Between Mars and Jupiter is the great asteroid belt which contains more than 550,000 asteroids. The number of objects we detect there increases steadily—we’re nowhere near to tracking them all:

(Be sure to watch this in 1080p fullscreen.)

Only the asteroid belt is seen in the video above—but on the outskirts of our solar system we are enveloped by the Oort cloud, a vast cloud of comets numbering a trillion or more, slowly circling our sun with varying trajectories. In this regard, the gravitational pull of the Sun and our neighboring planets is not our friend.
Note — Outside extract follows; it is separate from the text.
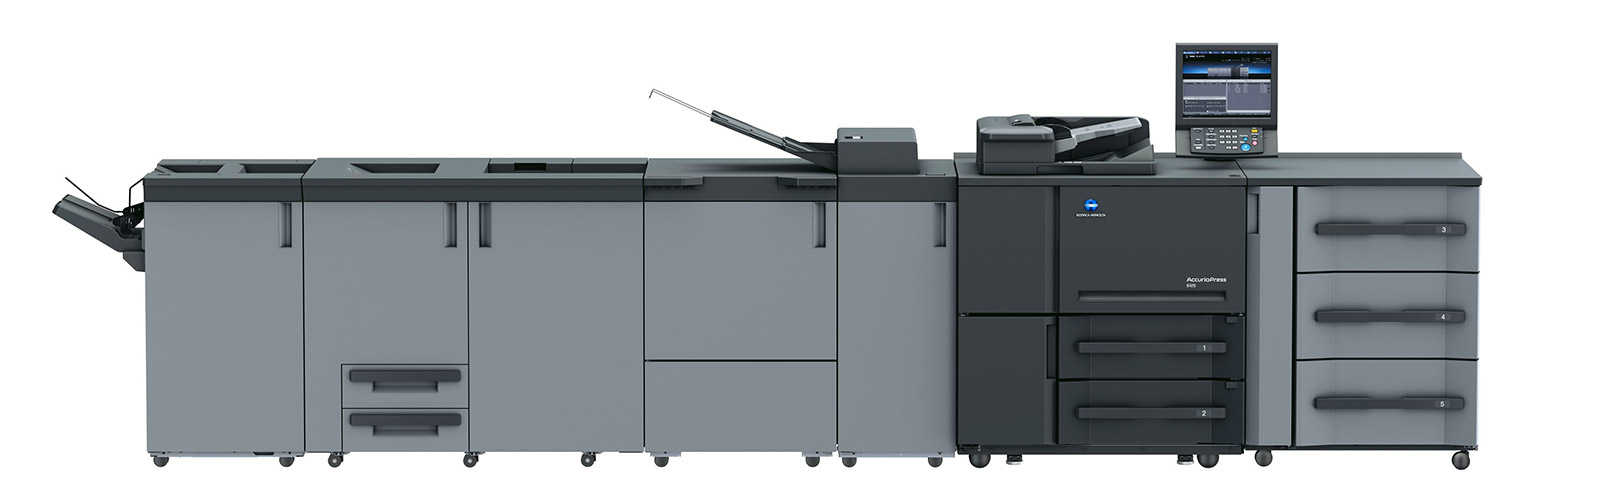 Konica Minolta AccurioPress 6120 Production Print System
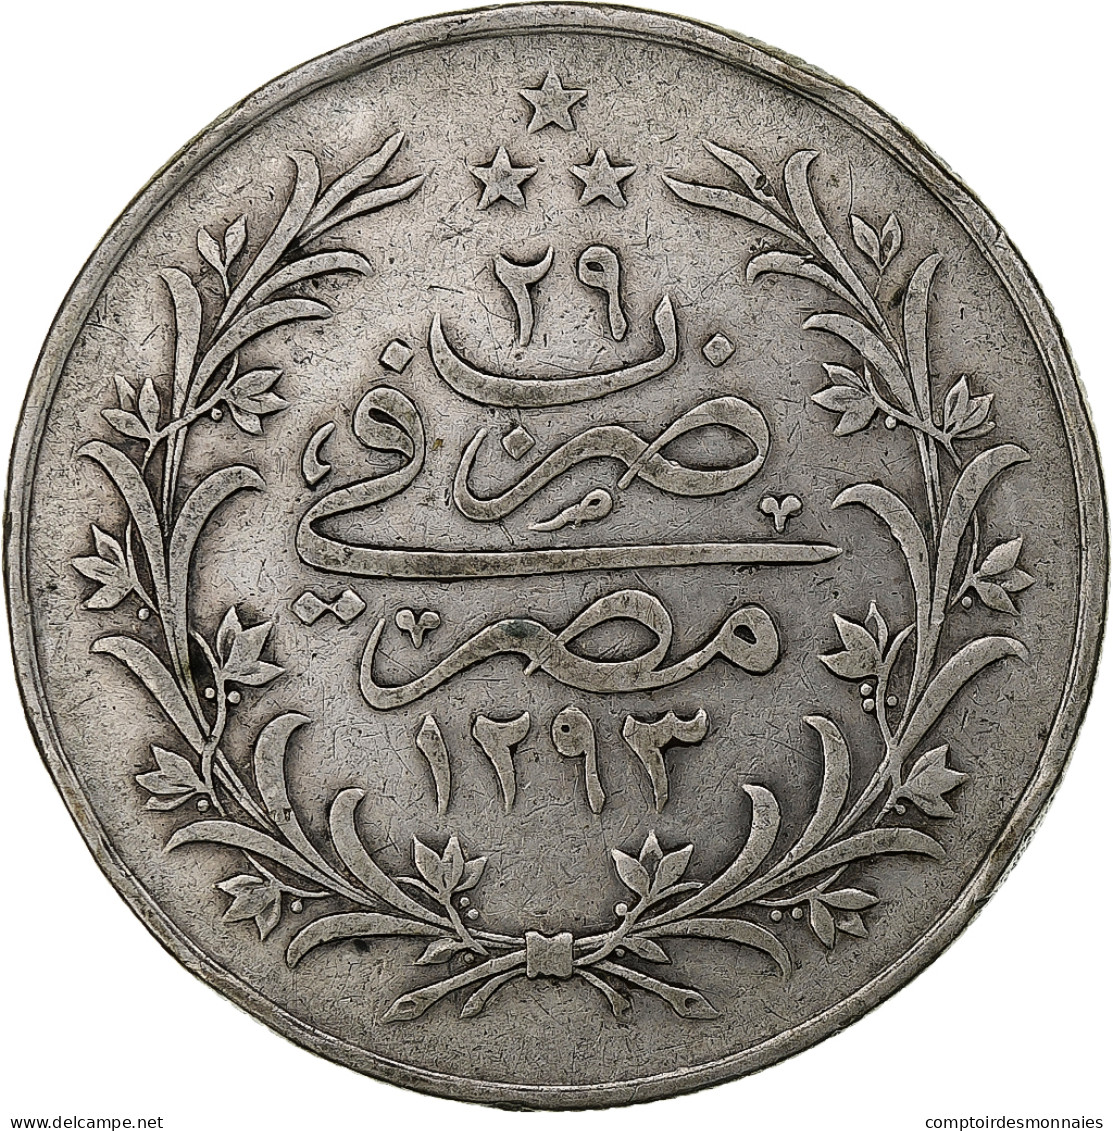 Égypte, Abdul Hamid II, 10 Qirsh, 1884/AH1293, Berlin, Argent, TTB, KM:295 - Aegypten

There is only one surefire defense against this cosmic game of pong: Traveling elsewhere. Only when we inhabit other planets, other moons, giant space vessels, and, eventually, other star systems, will our species be resistant to the constant threat of cataclysmic impacts by space debris.

We inhabit a small, fragile, white and blue water balloon which floats around a cosmic battlefield where the weapons used are stellar machine guns that use small planets as bullets—and we’re naïvely hopeful that our world won’t suddenly… pop.

If we do not decentralize our civilization—if we keep deferring the choice to go beyond the Earth to the next generation, and the next, in favor of feeding the immediate but ephemeral greed of the few—if we let this planet remain our species’ single point of failure, we will have only ourselves and our short-sightedness to blame for our eventual demise.

Since, in the long run, every planetary society will be endangered by impacts from space, every surviving civilization is obliged to become spacefaring—not because of exploratory or romantic zeal, but for the most practical reason imaginable: staying alive. And once you’re out there in space for centuries, for millennia, moving little worlds around and engineering planets, your species has been pried loose from its cradle. If they exist, many other civilizations will eventually venture far from home.

— Carl Sagan

We can discover and visit untold wonders in the depths of space, but it will be but a fortunate biproduct of our efforts to stay alive. We will pay the ultimate homage to Konstantin Tsiolkovsky and Robert Goddard, or we will die.